STUDIO CITY, CA — NSync’s Lance Bass became the Jan of the “Brady Bunch” this week when he competed with a “Hollywood studio” to buy the iconic house used in the 60s sitcom only to come up short.

On Friday, Bass tweeted that his offer for the home used for the exterior of the “Brady Bunch” had been accepted, but hours later he wrote that he had been edged out by a Hollywood studio.

He said that after an evening of celebrating what he thought was a deal, the seller’s realtor informed him that that he didn’t really have a deal.

“We were prepared to go even higher but was totally discouraged by the sellers agent. How is this fair or legal? How can I compete with a billion dollar corporate entity?” he wrote. “I truly believe I was used to drive up the price of the home knowing very well that this corporation intended on making their offer and it’s not a good feeling.”
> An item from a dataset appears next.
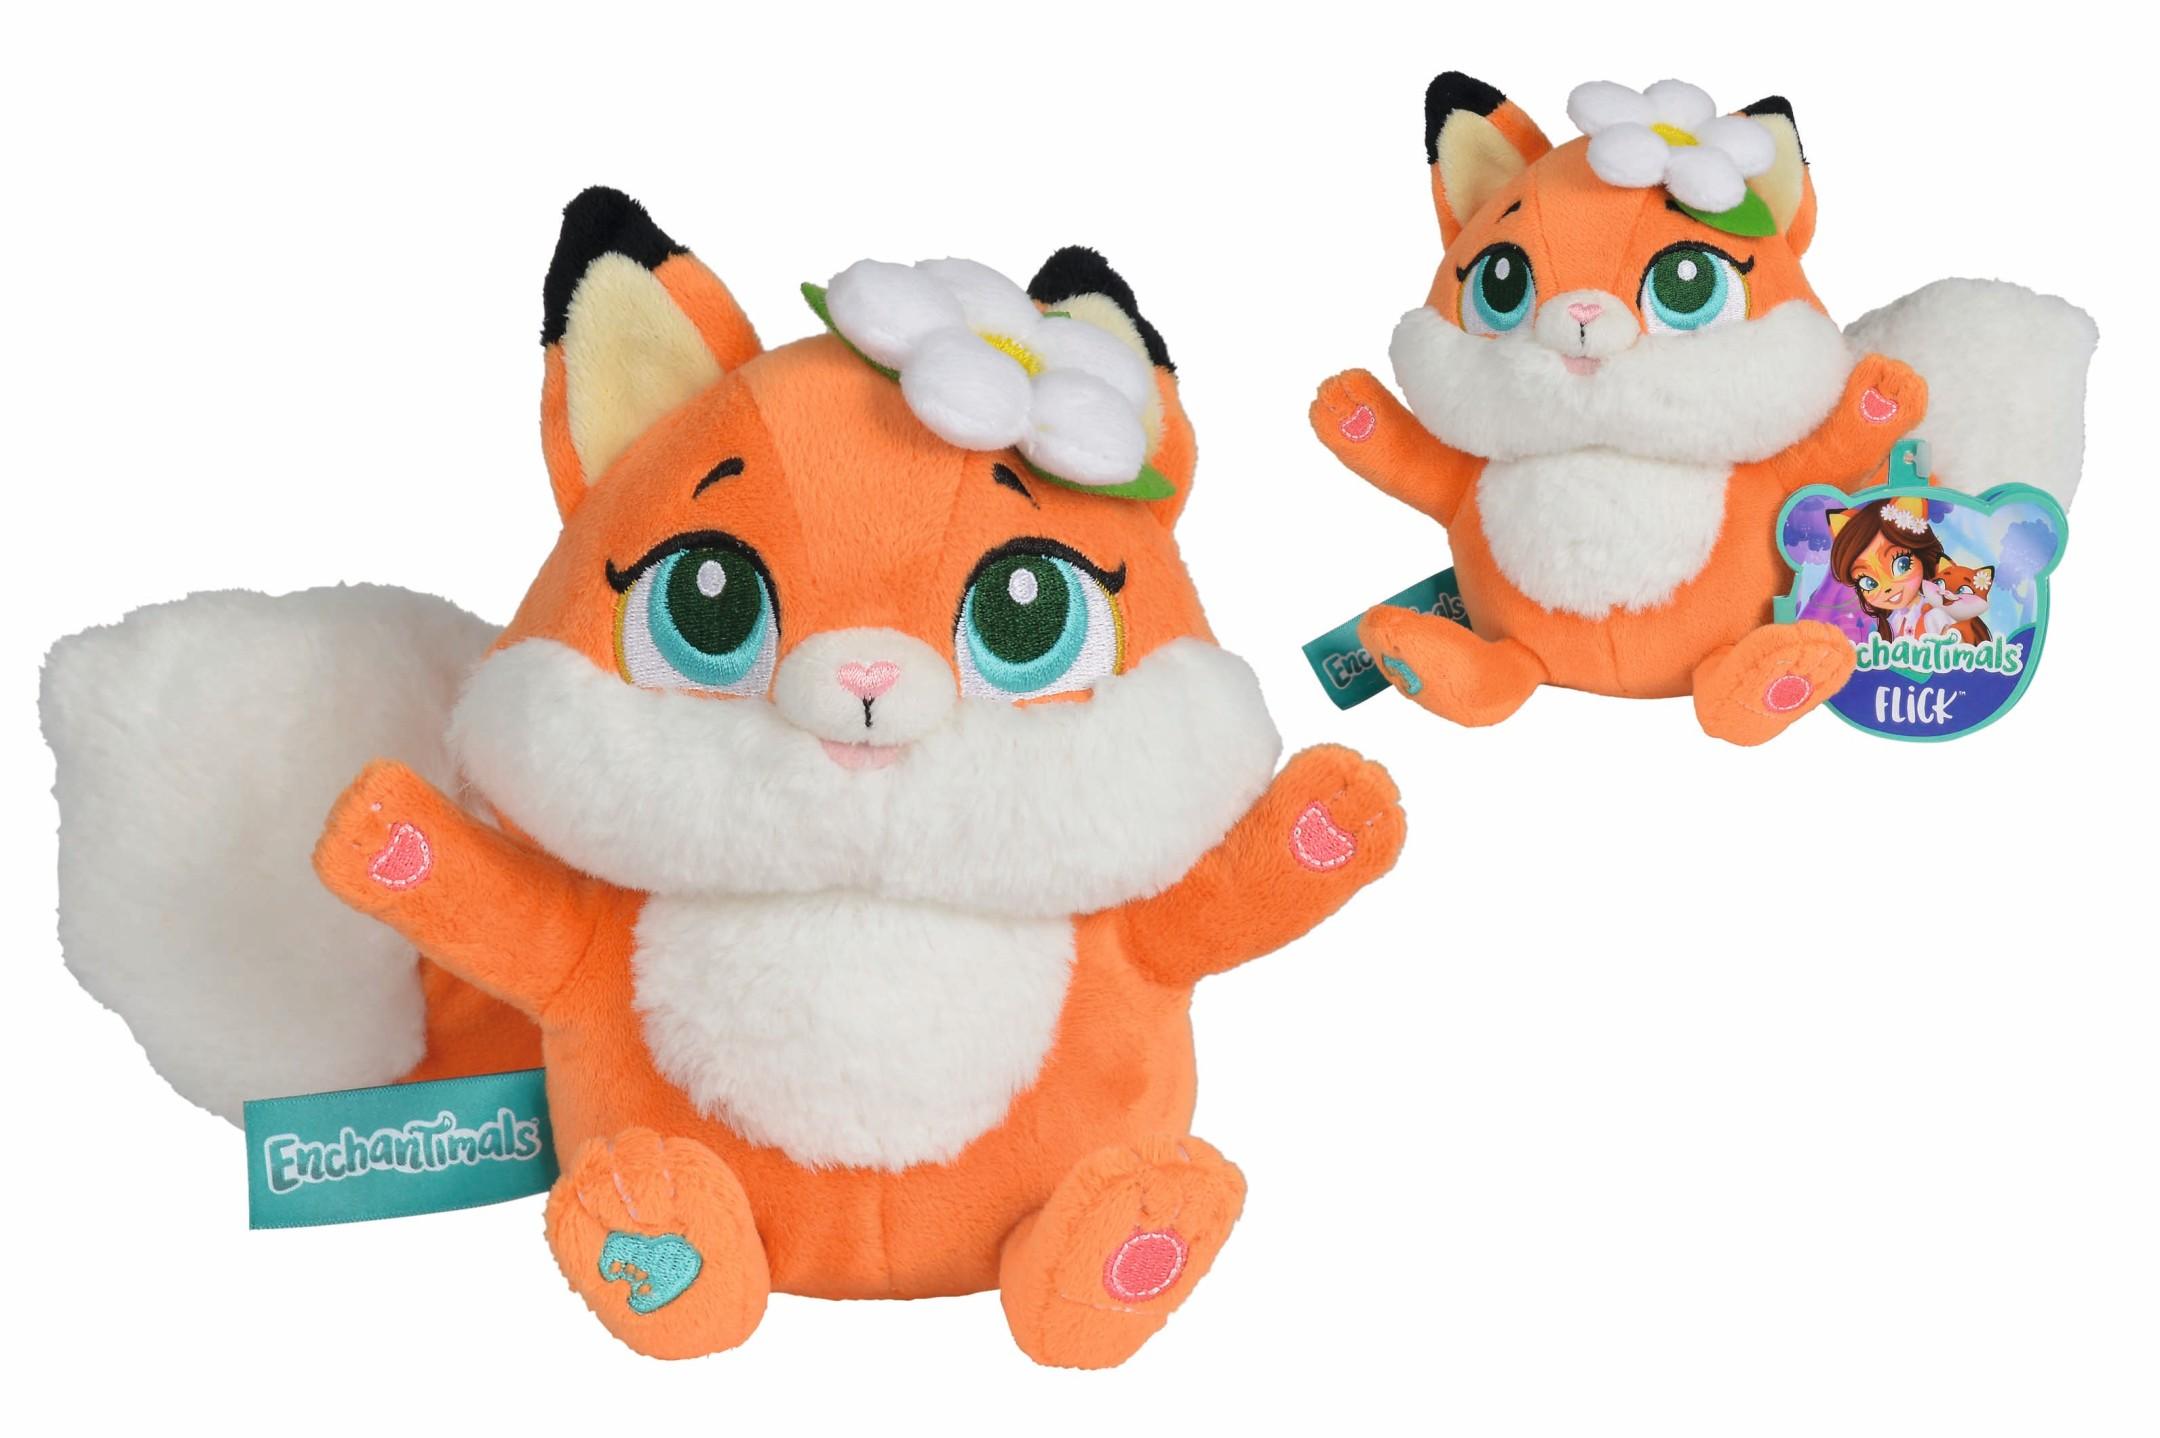 Enchantimals Fox Flick 35cm

According to the Los Angeles Times, the sellers never accepted an offer from Bass. Realtor Ernie Carswell told the newspaper eight buyers bid on the home, and a sale is expected to close in 10 days. Carswell would not tell the paper who the buyers are or whether they plan to preserve the iconic house.

“It got down to a horse race, and from those three [offers] an ultimate prevailing bid was selected by the trustee and a backup,” he told the paper.

Last month the home hit the market for the first time in 50 years. The split-level ranch house that served as the backdrop for the adventures of Greg, Marcia, Peter, Jan, Cindy, Bobby, Mike, Carol, and cousin Oliver listed at $1,885,000. The two-bedroom home is billed as America’s second most photographed home behind the White House.

Situated in Studio City’s Colfax Meadows, the home boasts a gated motor court and two master suites. According to records, Violet and George McCallister bought the house for $61,000 in 1973 when the “Brady Bunch” was still airing. While the interior never served as a set for the show, the home is like a time capsule, with decor unchanged since the early 70s. It has a wet bar, a tall stone fireplace and a master bedroom with wall-to-wall hot pink Toile de Jouy wallpaper and matching bedspread.

The dated home is in a neighborhood notorious for tear-downs and rebuilds, but the owners hoped to be able to attract a buyer interested in preserving the piece of architectural Americana.

“We’re not going to accept the first big offer from a developer who wants to tear it down,” Carswell told the Los Angeles Times last month.

Bass had told fans he intended to preserve the home, even remodeling the interior to match the “Brady Bunch” set. There is no word yet on what the mystery buyer intends to do with the house.